I awoke in my dark room where the bed was too crowded, courtesy of his slim body.
I took a look into the mirror and I hated seeing the spots where he had kissed me; not because I did not enjoy it, but because such kisses were meaningless, as is everything in life. Because though I thought of him endlessly in his absence, somehow now with him here I don't feel any different than before. Nothing is different, he is merely a stranger in my bed, a distraction from my vacant state.  

So he can go ahead and say with empty eyes that he loves me, he can say he misses me and sleep next to somebody else, he can say he understands when he is not listening, and nothing will be any different; because I am composed of despondency and darkness. He will never inflict as much pain in me as life has. 
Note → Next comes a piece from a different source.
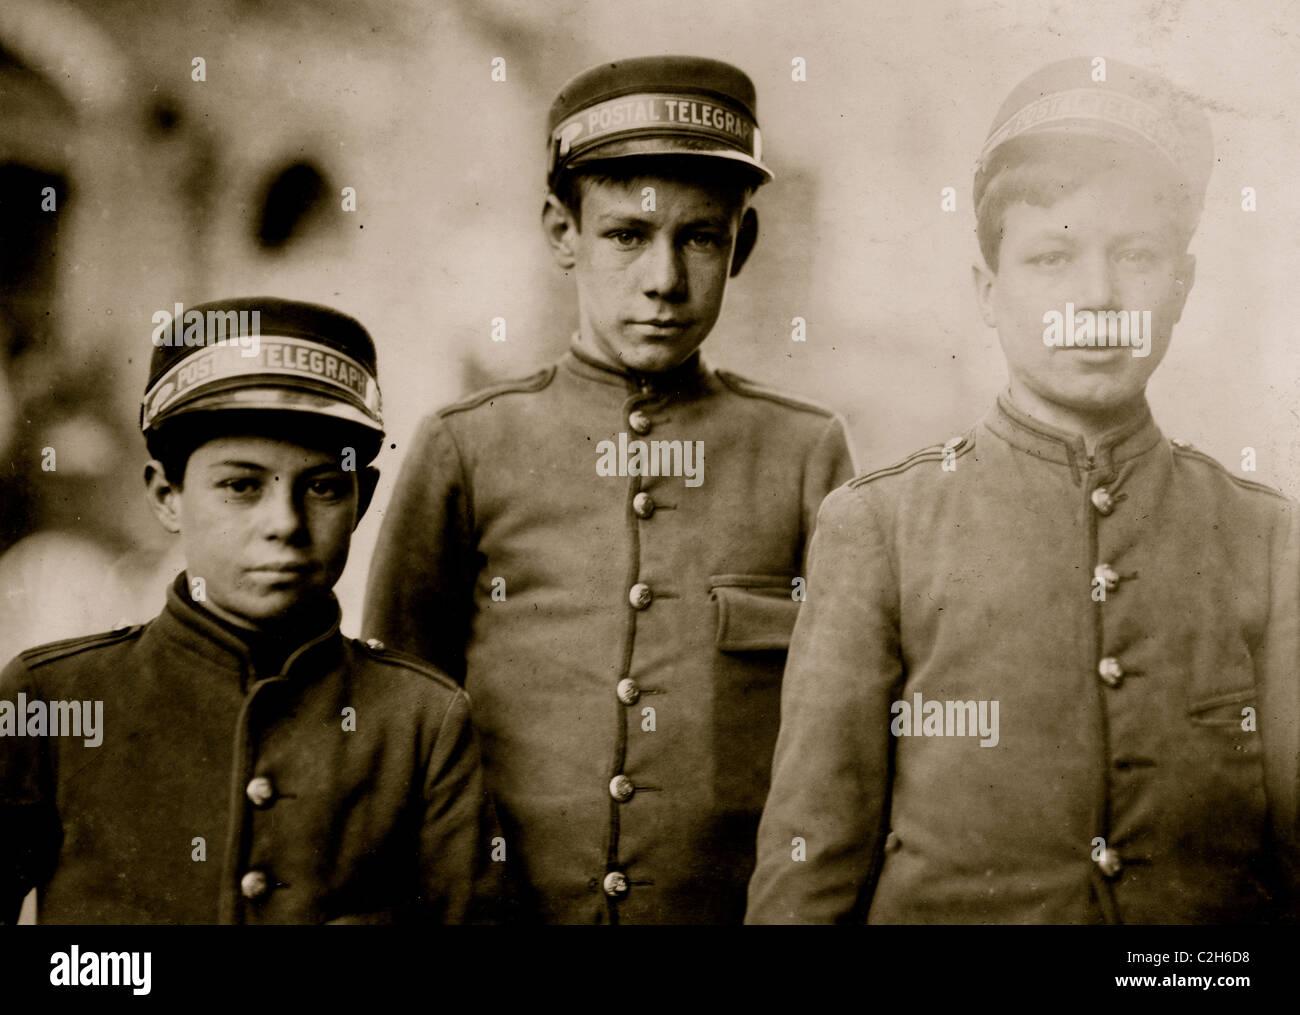 Postal Telegraph Messengers. - Stock Image

As I make my way back into my room I smell cigarette smoke, he is sitting at the edge of the bed smoking. When he sees me he asks why I'd been crying.
"I was thinking."
"What of?"
"You."
He frowns a little, "did I do something wrong?"
"No."
"Then why did you cry?"
"Sometimes I just do when I realize how fucked I am."
"You're not, you're wonderful."
"You don't know me Ian."
"But I want to know you, I want to help you."
"You can't, no one can, the sole purpose of my existence is to explore the limits of human suffering, I am God's sick joke."
"That's a load of rubbish" he says annoyed taking a deep drag from his cig, "you pity yourself too much."
A small laugh escapes my dry lips. "But I do not. I never asked your help, I never ask for anyone's help. I keep my thoughts and feelings for myself and If I pity anyone it must be you."
"Me?" He asks looking back at me.
"Yes you. You're married to someone who you do not love because you are afraid."
"I'm not afraid" he scoffs.
"Of course you are, you are afraid of commitment, you are afraid of loneliness and above all you are afraid of accepting that you are not happy. But I can read you like a book. You're as fucked as I am, the only difference is you do pity yourself and that's why you hide your desperation. I do not because I am too consumed by it to give a fuck about other people's perception of me. I'm just waiting for my death."

His gaze remains upon my eyes as he processes all I have said, then he looks down placing the cigarette butt on one of my ashtrays. He gets up slowly putting his clothes on and leaves. 

*Shift in Narration*

The cool wind hit hard against my face followed by various haunting thoughts as I made my way into the night. Her words were eerie, each one true, each a thought I hid desperately in lyrics people were not meant to pay attention to. Yet she hadn't even heard such songs, she just knew. And that was the reason why she intrigued me, I thought that was the reason why I had to find her again. But what good is it being told the things you deny to yourself? I only feel worse, I feel farce.

I drop on the steps of my home like a dead man with arms tight around my legs, head tucked into my torso resting on my knees. I wish I could disappear entirely, I wish no one would remember, I wish I just didn't exist.